# T2i upgrade to 6D?



## thgmuffin (Aug 5, 2013)

Currently I own a T2i and shoot a variety of things including: RC cars, people, and a whole bunch of other stuff! 

I shoot mostly with the 24-105 and 40mm pancake! 

An example of what I shoot:



IMG_8404 by THGBrian, on Flickr




IMG_9492 by THGBrian, on Flickr




Just Some Drift Stuff by THGBrian, on Flickr

Things I'm looking to improve:
High ISO in low light situations (Everything above ISO 3200 is  on the T2i)
AF Tracking (I use center point AF, and I've heard the 6D center point can focus in REALLY dark light)
Build Quality/Ergonomics? (The T2i feels insanely tiny in my hands!)

I have been looking at the 6D as the ideal upgrade because:
Larger sensor=better low light
"Insane" Center AF Point
Better build
Wifi? 
Silent Shutter mode

I have looked at the 70D and I really like the features, however it won't perform as well as the 6D in lowlight...

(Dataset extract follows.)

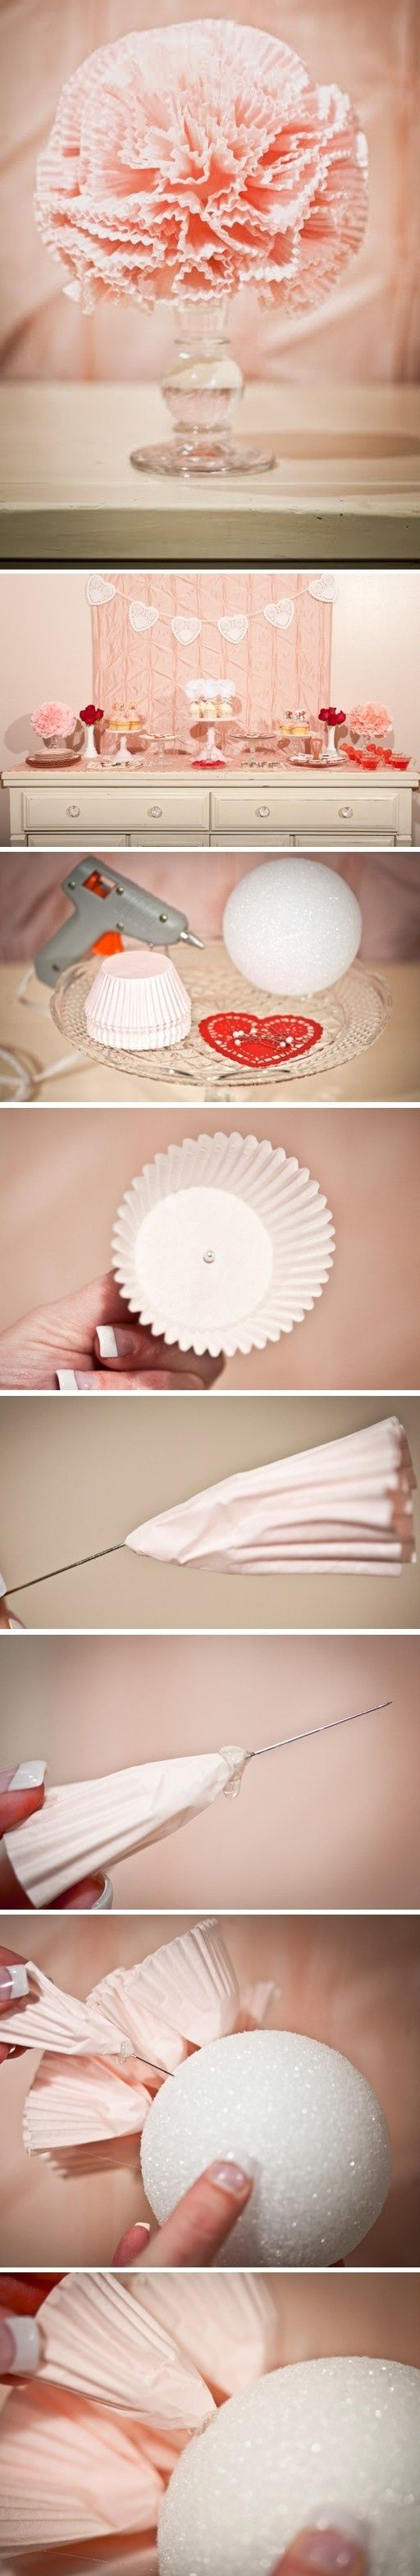 beautiful piece made of cupcake liners - Homemade - Handmade  - DYI - Craft - Nice Idea - Party Idea

I can currently grab a brand new body with 1 year warranty off of Craigslist for $1500-1600, I just want a few other opinions from you guys!


----------



## neuroanatomist (Aug 5, 2013)

For those uses, the 6D is a great choice, and you've already got great lenses for it.


----------



## Chosenbydestiny (Aug 5, 2013)

Both of those lenses, in my opinion, are better on full frame. The 24-105 will distort more but the range will be more useful. The 40mm is a perfect normal lens on full frame. I didn't like my pancake on crop.


----------



## bholliman (Aug 5, 2013)

The 6D sounds like a great upgrade path given your uses. I had a T2i a few years ago before upgrading to a 7D and eventually a 6D. I am extremely pleased with the 6D. 

The things I like best about the 6D are image quality, low light/high ISO capability, shallow depth of field for portraits (compared with crop bodies) and a much larger, brighter viewfinder.


----------



## bglanzbe (Aug 5, 2013)

I just made the exact same move myself. I also have the 24-105 and the 50 f/1.8 (instead of the 40). It has been an incredible upgrade and I LOVE the new camera. Make the move!!


----------



## Dylan777 (Aug 5, 2013)

Love the moon shot.

Another vote for FF if high ISO is what you looking for.


----------



## sdsr (Aug 5, 2013)

I wouldn't hesitate. You will be amazed by how much better your high ISO images look and by how well it focuses in very low light (and not just the center point - the others do very well too). You may (or may not) be disappointed by the different angle of view your lenses provide on a FF sensor, but you will surely be impressed by how much better they perform. (One advantage you didn't mention - if you have occasion to manipulate RAW images via software to fix over/under exposed portions of images, you will likely find that this works better with files from a FF camera.)


----------



## Mort (Aug 5, 2013)

I'm actually looking at the same things except I don't own the 24-105. I will have to buy the kit. I do a lot of low light portraits and light painting. The high ISO ability is what convinced me, plus the shallow depth of field and the wider angle of the full frame will be extremely helpful so I don't have to panorama stitch everything. I'm just waiting for prices on the kit to drop since I'm a poor college student.


----------



## thgmuffin (Aug 5, 2013)

Right now I'm just concerned if purchasing it right now would be the right choice.

What do you guys think of the price I can get the 6D for around my area? ($1600 new, $1550 firm, and hopefully $1500)

I feel like it's just guys who purchase the kit and sell off the lens and body. They apparently make around a $400 profit!


----------



## Mt Spokane Photography (Aug 5, 2013)

Something else to consider is working on your lighting. You can sink thousands into cameras, but photography is all about light.
The 6D is indeed good in low light, and a reasonable upgrade, but you still need control of the light, or it will be pot luck.


----------



## wsheldon (Aug 5, 2013)

bholliman said:


> The things I like best about the 6D are image quality, low light/high ISO capability, shallow depth of field for portraits (compared with crop bodies) and a much larger, brighter viewfinder.



+1 

I picked up a 6D earlier this year to augment my 50D, and I couldn't agree more. I still like my 50D, but I get better IQ with my 6D at ISO 800-1600 than my 50D at ISO 400, with far less post-processing. I'm a closet pixel peeper, and I don't even use noise reduction in Lightroom until I get over ISO 800 (vs 200 on my 50D). I'm not familiar with the T2i, but the color balance and dynamic range of the 6D is also far superior to the 50D, without the magenta cast and banding in shadows. I also agree with others that you'll like the 24-105 and 40mm focal lengths on full frame.

If you're hesitant to buy a split kit from someone else trying to save money, you could do the same yourself. There's an active market for new 24-105's from kits on the buy/sell market at www.fredmiranda.com, where they routinely sell for $650.


----------



## thgmuffin (Aug 7, 2013)

I am going to be picking up one tomorrow!!!


----------